Yes, it was an explanation. I was talking about the way you explained it, duh!  Anyway, I should just have grabbed the books, instead of debating about it, whilst not knowing exactly what I was talking about.....I checked Wyegoldts 2000 book, and he mentions praenymph for just born animals and protonymph for the first free living instar. and after the protonymph come the nypmhal instars.

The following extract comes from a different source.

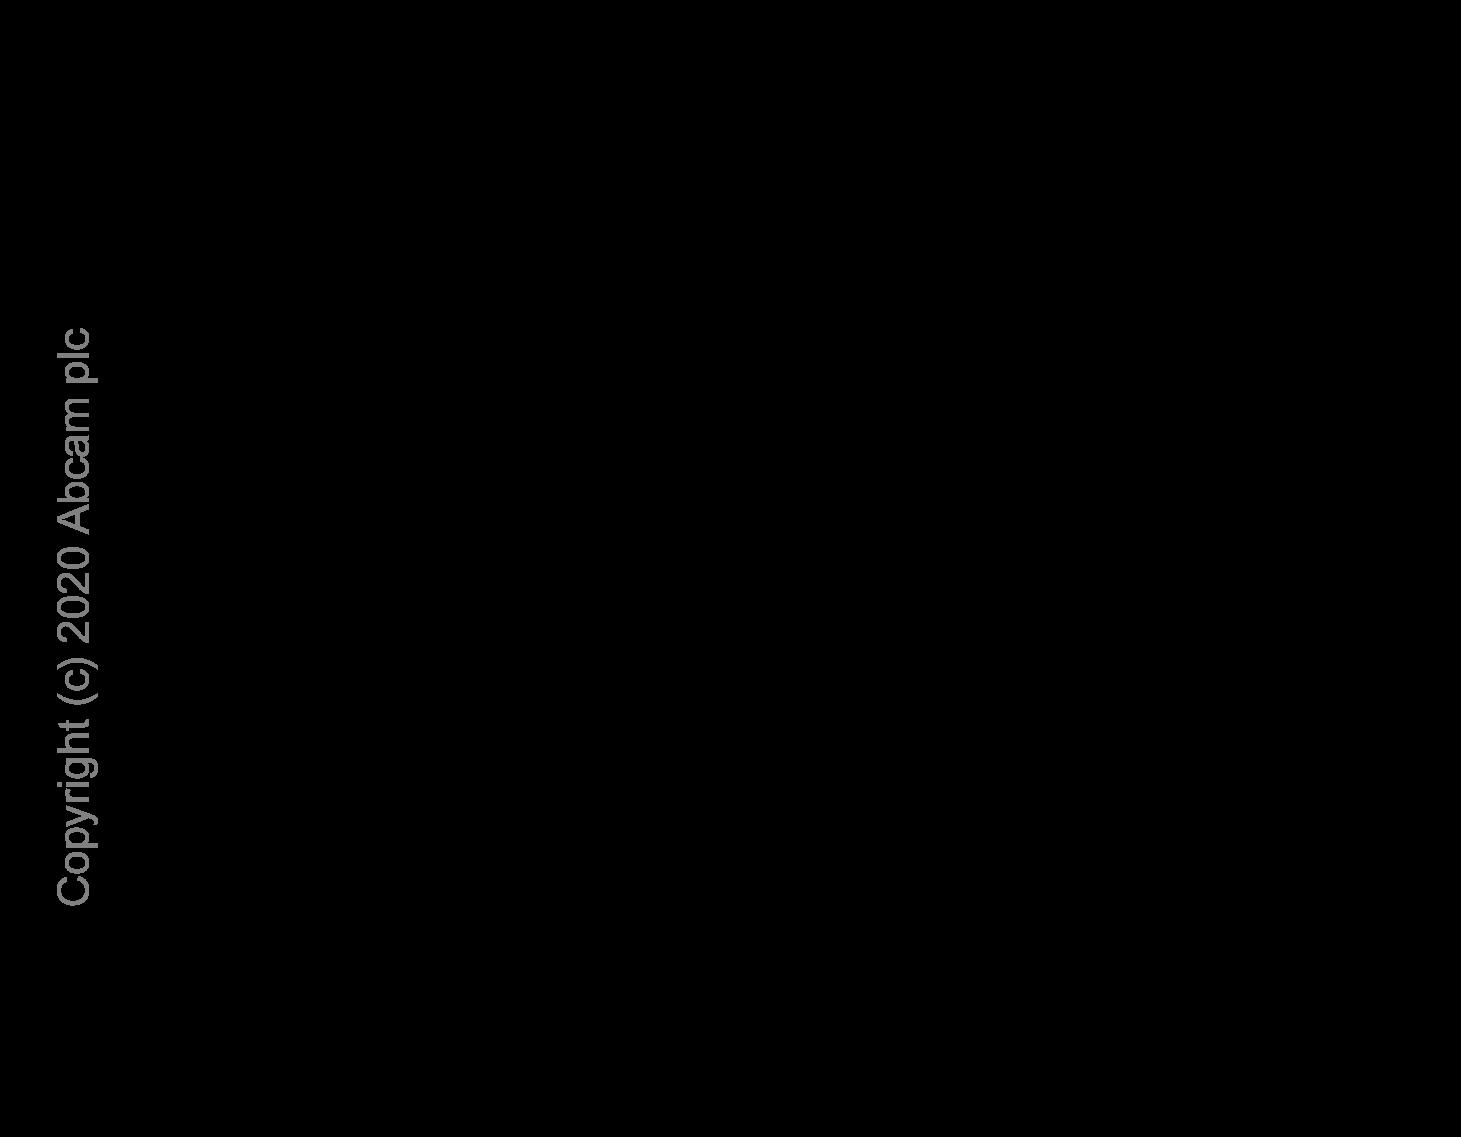 ELISA - Anti-FGFR2 antibody [SP273] - BSA and Azide free (ab272012)

1. Both species (D.diadema and D.variegatus) occur in Tanzania, like I already said. Check out:

PRENDINI, L., P.WEYGOLDT & WHEELER W.C. 2005. Systematics of the Damon 
	variegatus group of African whip spiders (Chelicerata: Amblypygi): Evidence from 
	behaviour, morphology and DNA. Organisms, Diversity & Evolution 5: 203-236

and

WEYGOLDT, P. 1999. Revision of the genus Damon C.L. Koch, 1850 (Chelicerata: 
Amblypygi: Phrynichidae). Sperm transfer, spermatophore morphology, and female genitalia of three species of whip spiders: Charinus seychellarum (Kraepelin, 1898), Damon medius (Herbst, 1797) and Phrynichus scaber (Gervais, 1844) 
	(Chelicerata: Amblypygi). Zoologica, Heft 150 E.Schweizbart’sche 
	Verlagsbuchandlung (Nägeleu. Obermiller) Stuttgart 1999

So, sorry OP, I corrected you without knowing it myself precisely, nothing else to do now for me than to say sorry and thanks for the debate E and A...


----------



## Elytra and Antenna (Nov 5, 2011)

Michiel said:


> .....I checked Wyegoldts 2000 book, 1. Both species (D.diadema and D.variegatus) occur in Tanzania, like I already said. Check out:
> PRENDINI, L., P.WEYGOLDT & WHEELER W.C. 2005.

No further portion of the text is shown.